Solved – Tracking down the assumptions made by SciPy’s ttest_ind() function

pythonstatistical significancet-test

I'm trying to write my own Python code to compute t-statistics and p-values for one and two tailed independent t tests. I can use the normal approximation, but for the moment I am trying to just use the t-distribution. I've been unsuccessful in matching the results of SciPy's stats library on my test data. I could use a fresh pair of eyes to see if I'm just making a dumb mistake somewhere.

Note, this isn't so much of a coding question as it is a "why isn't this computation yielding the right t-stat?" I give the code for completeness, but don't expect any software advice. Just help understanding why this isn't right.

My code:

import numpy as np
import scipy.stats as st

def compute_t_stat(pop1,pop2):

    num1 = pop1.shape[0]; num2 = pop2.shape[0];

    # The formula for t-stat when population variances differ.
    t_stat = (np.mean(pop1) - np.mean(pop2))/np.sqrt( np.var(pop1)/num1 + np.var(pop2)/num2 )

    # ADDED: The Welch-Satterthwaite degrees of freedom.
    df = ((np.var(pop1)/num1 + np.var(pop2)/num2)**(2.0))/(   (np.var(pop1)/num1)**(2.0)/(num1-1) +  (np.var(pop2)/num2)**(2.0)/(num2-1) ) 

    # Am I computing this wrong?
    # It should just come from the CDF like this, right?
    # The extra parameter is the degrees of freedom.

    one_tailed_p_value = 1.0 - st.t.cdf(t_stat,df)
    two_tailed_p_value = 1.0 - ( st.t.cdf(np.abs(t_stat),df) - st.t.cdf(-np.abs(t_stat),df) )    


    # Computing with SciPy's built-ins
    # My results don't match theirs.
    t_ind, p_ind = st.ttest_ind(pop1, pop2)

    return t_stat, one_tailed_p_value, two_tailed_p_value, t_ind, p_ind

Update:

After reading a bit more on the Welch's t-test, I saw that I should be using the Welch-Satterthwaite formula to calculate degrees of freedom. I updated the code above to reflect this.

With the new degrees of freedom, I get a closer result. My two-sided p-value is off by about 0.008 from the SciPy version's… but this is still much too big an error so I must still be doing something incorrect (or SciPy distribution functions are very bad, but it's hard to believe they are only accurate to 2 decimal places).

Second update:

While continuing to try things, I thought maybe SciPy's version automatically computes the Normal approximation to the t-distribution when the degrees of freedom are high enough (roughly > 30). So I re-ran my code using the Normal distribution instead, and the computed results are actually further away from SciPy's than when I use the t-distribution.

Best Answer

By using the SciPy built-in function source(), I could see a printout of the source code for the function ttest_ind(). Based on the source code, the SciPy built-in is performing the t-test assuming that the variances of the two samples are equal. It is not using the Welch-Satterthwaite degrees of freedom.

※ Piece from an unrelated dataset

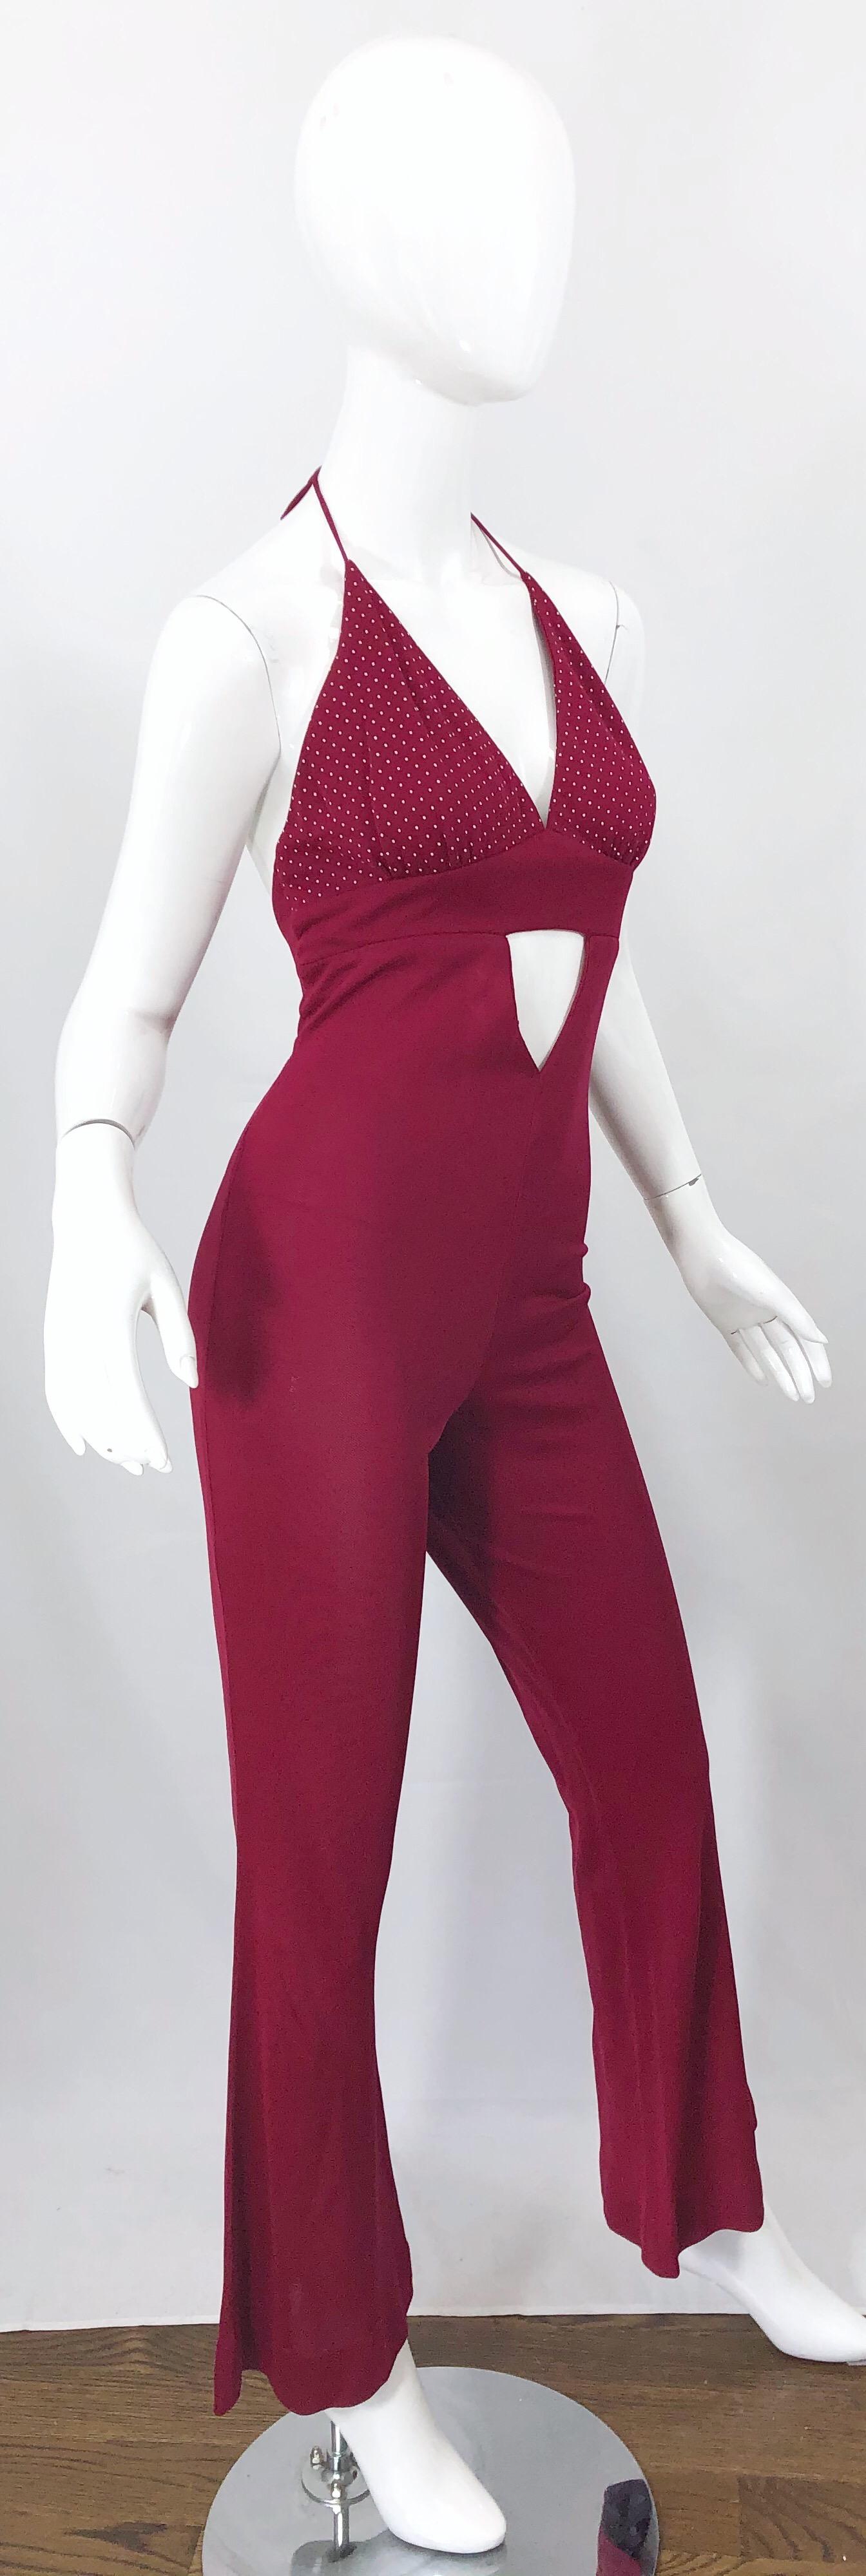 1970s Burgundy Polka Dot Cut-Out Flared Leg Vintage 70s Halter Jumpsuit In Good Condition For Sale In San Diego, CA

I just want to point out that, crucially, this is why you should not just trust library functions. In my case, I actually do need the t-test for populations of unequal variances, and the degrees of freedom adjustment might matter for some of the smaller data sets I will run this on. SciPy assumes equal variances but does not state this assumption.

As I mentioned in some comments, the discrepancy between my code and SciPy's is about 0.008 for sample sizes between 30 and 400, and then slowly goes to zero for larger sample sizes. This is an effect of the extra (1/n1 + 1/n2) term in the equal-variances t-statistic denominator. Accuracy-wise, this is pretty important, especially for small sample sizes. It definitely confirms to me that I need to write my own function. (Possibly there are other, better Python libraries, but this at least should be known. Frankly, it's surprising this isn't anywhere up front and center in the SciPy documentation for ttest_ind()).